Nothing Gold Can Stay

by Martha J Bonds (April_Valentine)



Category: Star Trek: The Original Series
Genre: Gen, Kirk Spock friendship - Freeform, original fanzine story
Language: English
Status: Completed
Published: 2018-04-10
Updated: 2018-04-10
Packaged: 2019-04-21 00:06:48
Rating: General Audiences
Warnings: No Archive Warnings Apply
Chapters: 1
Words: 3,806
Publisher: archiveofourown.org
Story URL: https://archiveofourown.org/works/14272515
Author URL: https://archiveofourown.org/users/April_Valentine/pseuds/Martha%20J%20Bonds
Summary: This story is my first published work of fanfiction, although I wrote others before it was printed in the fanzine, CONTACT #3, edited by my dear friends Beverly Volker and Nancy Kippax. CONTACT  was the first fanzine to be centered around the relationship between Kirk and Spock and was a hugely popular publication in those days in Trek fandom. "Nothing Gold Can Stay" appeared in the fall of 1976 and portrays the deep and abiding friendship between Captain James Kirk and his loyal first officer, Mr. Spock.





	Nothing Gold Can Stay

NOTHING GOLD CAN STAY  
Contact # 3

 

_Nature’s first green is gold,_  
Her hardest hue to hold.  
Her early leaf’s a flower;  
But only so an hour.  
Then leaf subsides to leaf.  
So Eden sank to grief,  
So dawn goes down to day.  
Nothing gold can stay. 

_\---Robert Frost_

James Kirk jolted to wakefulness in the cold dark of his quarters. His eyes peered anxiously, seeking the familiar shapes of furniture about him. He reached out and turned up the lights and sighed with relief. The dream was gone, at least temporarily.

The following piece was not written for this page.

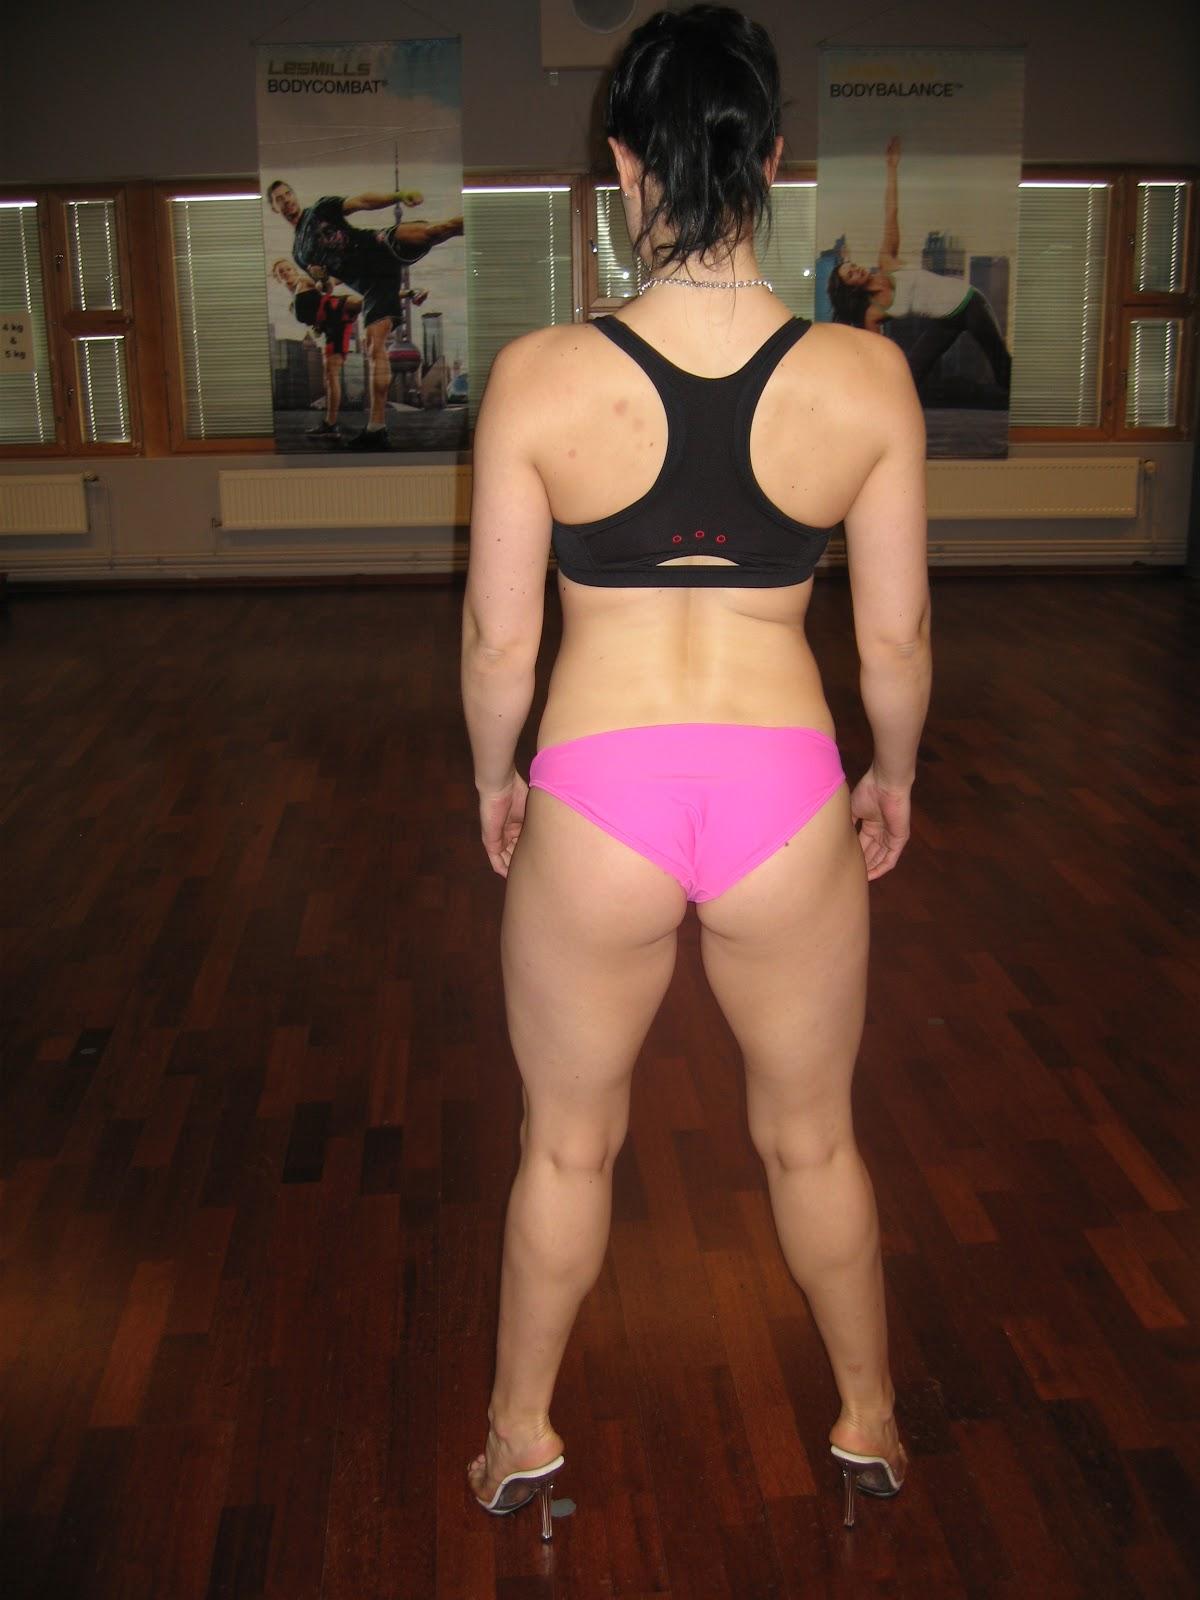 rasva pois lihasten päältä

This time it had been harder to pull himself back to reality. The now-familiar reverie had claimed him and, like one hypnotized, the spell was difficult for him to break. Each time the dream returned he became more and more convinced of the awful truth that it seemed to foretell.

Kirk rubbed a hand through his already tousled hair and threw back the cover. He got to his feet and went to sit at his desk. The firm coolness of the chair beneath him drew him back from the haunting nightmare.

He had never believed in dreams, he told himself matter-of-factly. They were simply ghosts that floated into one's conscious mind during sleep. The events in a dream never really came true, at least, not exactly as the dream portrayed them.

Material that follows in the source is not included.